# Do I Need a Backflow Valve for Hose-Sprinkler?



## Kap (Jun 20, 2008)

Considering you can get one for under ten bucks, I would use one.

http://www.mrdrip.com/backflowpreventers.htm


----------



## user1007 (Sep 23, 2009)

Do consider installing a drip system for everything but the lawn. With a drip system you will be watering in outputs of gallons per hour (GPH) and not gallons per minute (GPM) and the water will only be discharged where you want it. You will save enough in short order to pay for it.


----------



## downunder (Jun 13, 2008)

If you are using this strictly for an irrigation system, there is really no need to have a backflow preventer.

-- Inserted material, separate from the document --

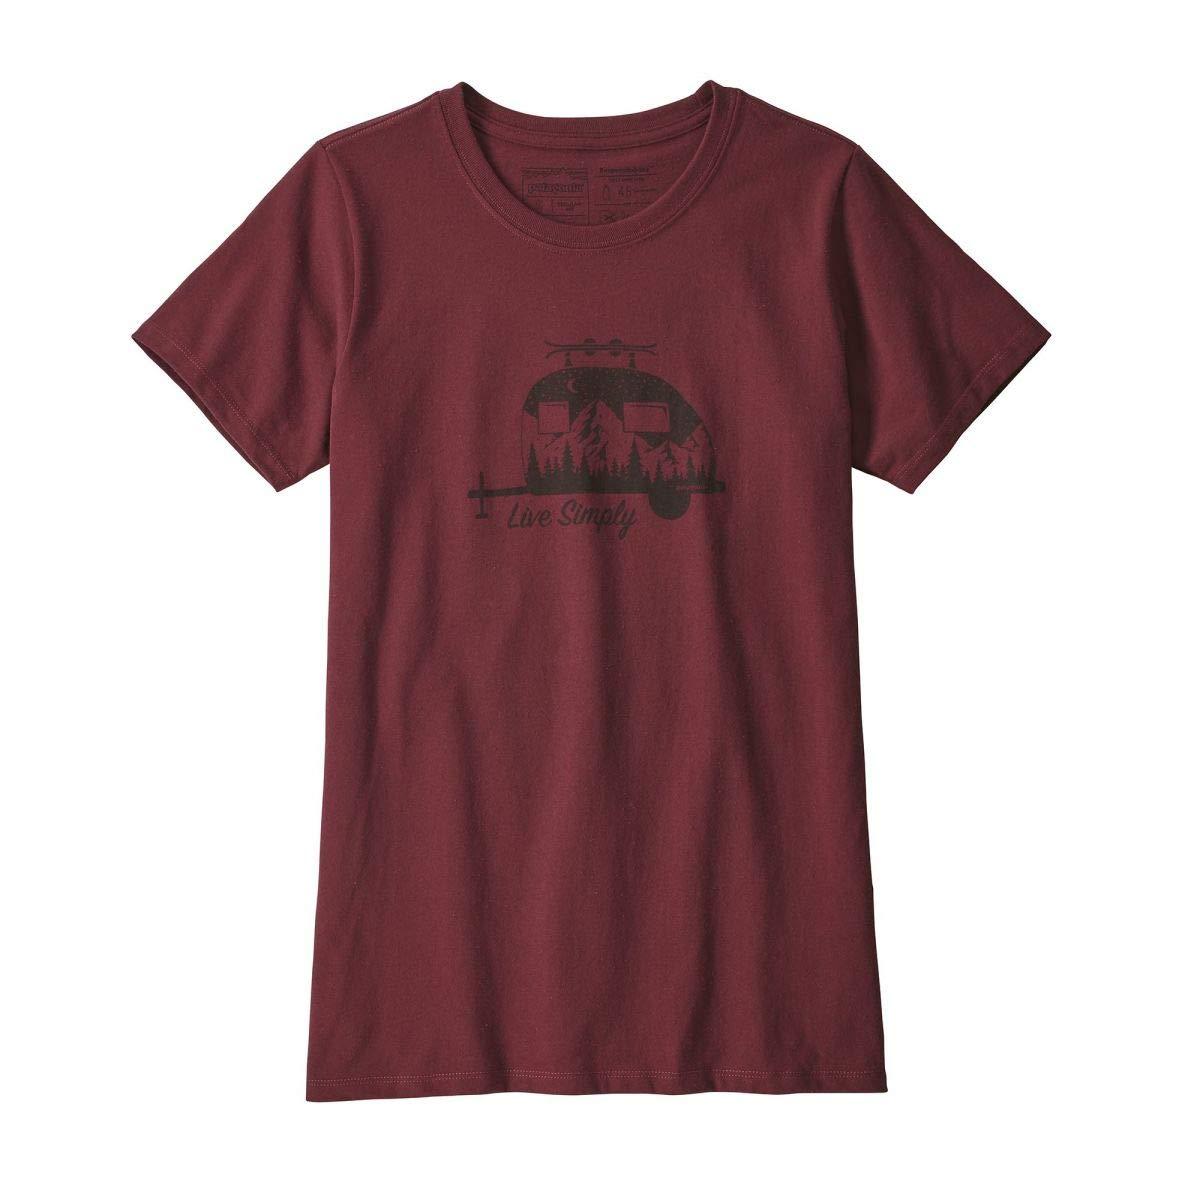 Patagonia Damen Trailer live Simply responsibili t-Shirt Funktionsshirt

Their purpose is to prevent anything from siphoning back into the water system in the event something like a water line was broken somewhere along the system, creating a vacuum of sorts from your house into the local water supply. So, if you were using a hose to apply fertilizers and/or herbicides you might want to consider having one.

First, I would check with my local water authority. Most places nowadays require a backflow preventer at the meter (on your side). So the question here may be moot.

If you do decide to install one at the faucet, just one at the faucet going into the manifold will suffice and will protect all connections downstream. But I can agree with Kap, if in doubt spend the ten bucks.


----------